The Commission’s recommendation now goes to the State Supreme Court which can determine there was no misconduct by Green, or decide to censure, suspend or remove Green from the bench.

Green has insisted she committed no misconduct, that her grandsons were lying about having told her multiple times about suffering physical abuse by her son, Gary Davis-Headd, who was ultimately convicted of two counts of second-degree child abuse in Wayne Circuit Court. She also maintained that the Tenure Commission proceeding against her was unconstitutional and that she was entitled to an in-person hearing – which the commission rejected.

“In this case, (Judge Tracy Green) concealed evidence that her son abused her grandsons," Michigan Judicial Tenure Commission staff members Lynn Helland and Lora Weingarden wrote in one filing. "She thereby violated the criminal law by tampering with evidence of a crime.
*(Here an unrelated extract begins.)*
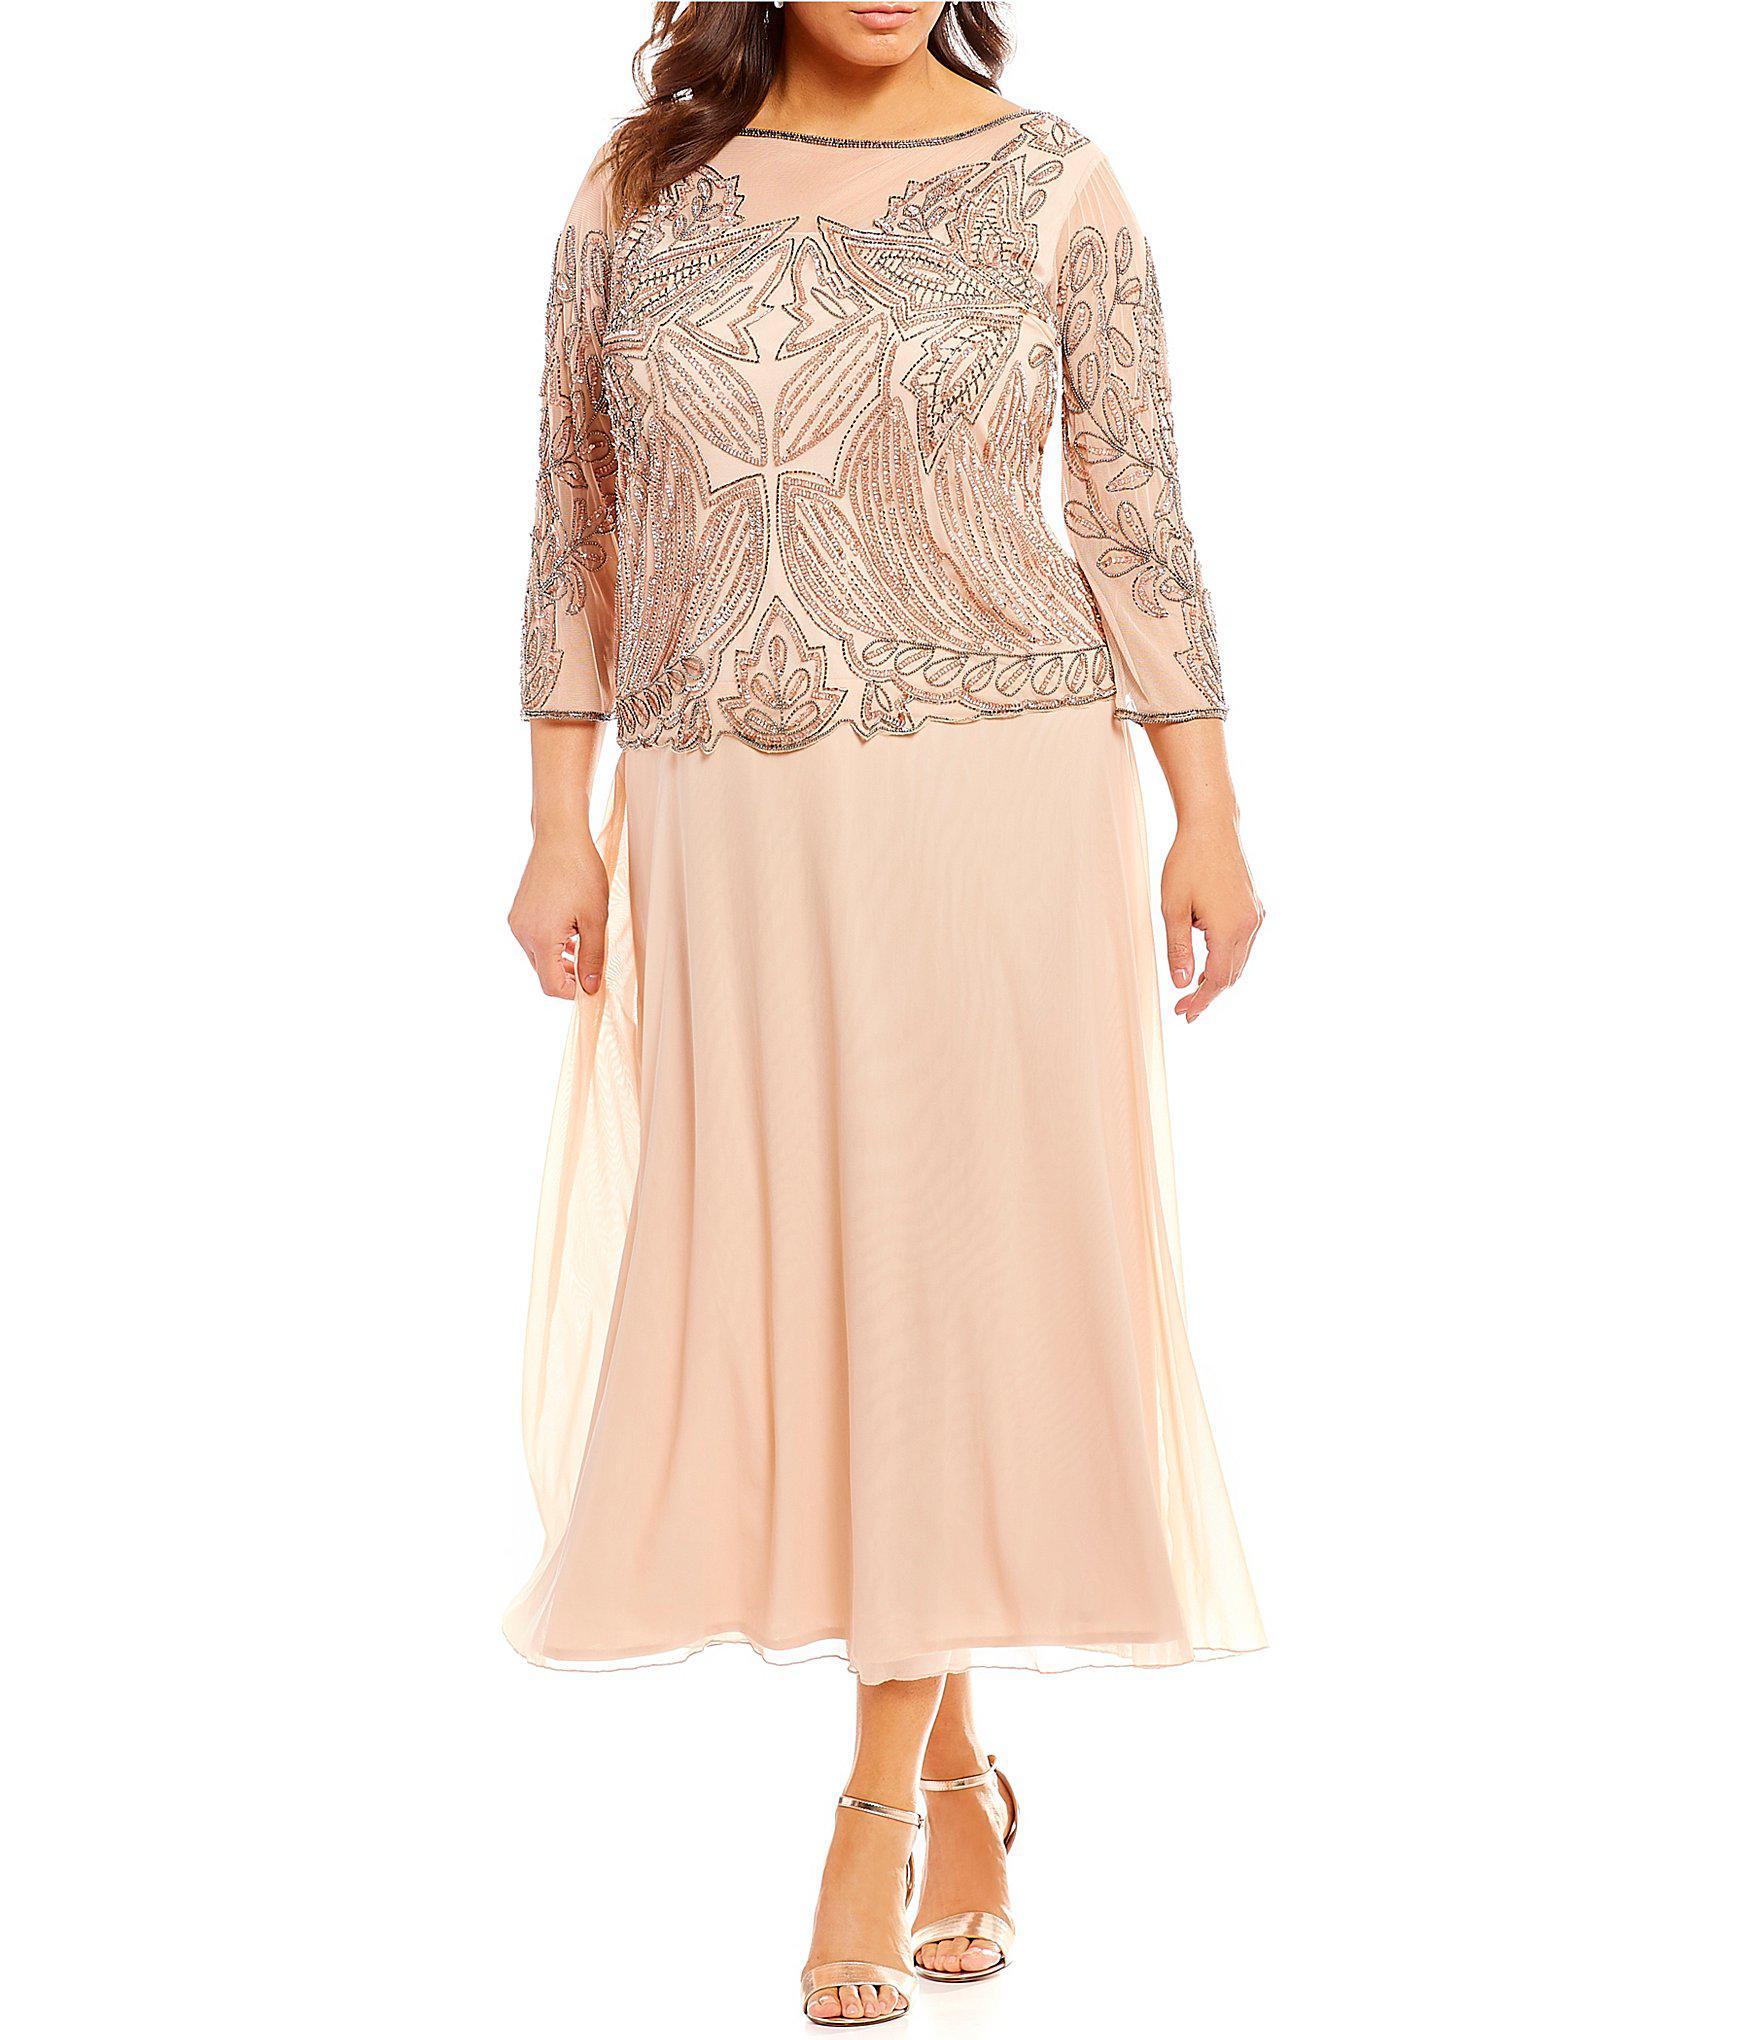 08faafa635513 Lyst - Pisarro Nights Plus Floral Beaded Bodice Mock 2-piece Dress

She lied about having done that, and told multiple related lies in court, to the media, during the Commission’s investigation, and during the hearing before the Master.

"Her conduct was also selfish in that she was trying to save face in supporting her abusive son at the expense of her grandsons, while she ran for judge in 2018 on the platform that she was a child and family welfare advocate."

The boys were under the age of 11 when their father repeatedly spanked, slapped and beat them with a belt as a form of discipline, according to court filings.

Elected in 2018 to the Circuit Court's family division, Green has served in the criminal division since 2019. She was an attorney for more than two decades. She is known for her work in reuniting parents with their children who were in foster care. 

Reached Friday, Green’s attorney Michael Ashcraft said neither he nor the judge could comment on the case outside of legal filings.

“It is the judge’s hope that the public will read those filings which are available on the Tenure Commission’s website,” Ashcraft said but declined to elaborate or even confirm whether Green would remain on the bench pending a decision by the State Supreme Court.

In February, retired Ann Arbor trial Judge Betty Widgeon, appointed special master by the commission, determined that Green violated Michigan court rules and the state's rules of professional conduct by knowingly concealing evidence of the abuse of her grandsons and making false statements about her knowledge of that abuse.  

Widgeon found that the Michigan Judicial Tenure Commission did not prove a third complaint, that Green's false statements to the commission were intentional.

Helland, who is executive director of the commission, and Weingarden, a staff attorney, pushed back against that finding, arguing there is ample evidence that Green knew of the abuse and that "her omissions, denials, and misrepresentations were deliberate."

In 2019, Green's son was sentenced to concurrent 4- to 10-year prison terms for each conviction. The commission lodged a complaint against Green in November 2020.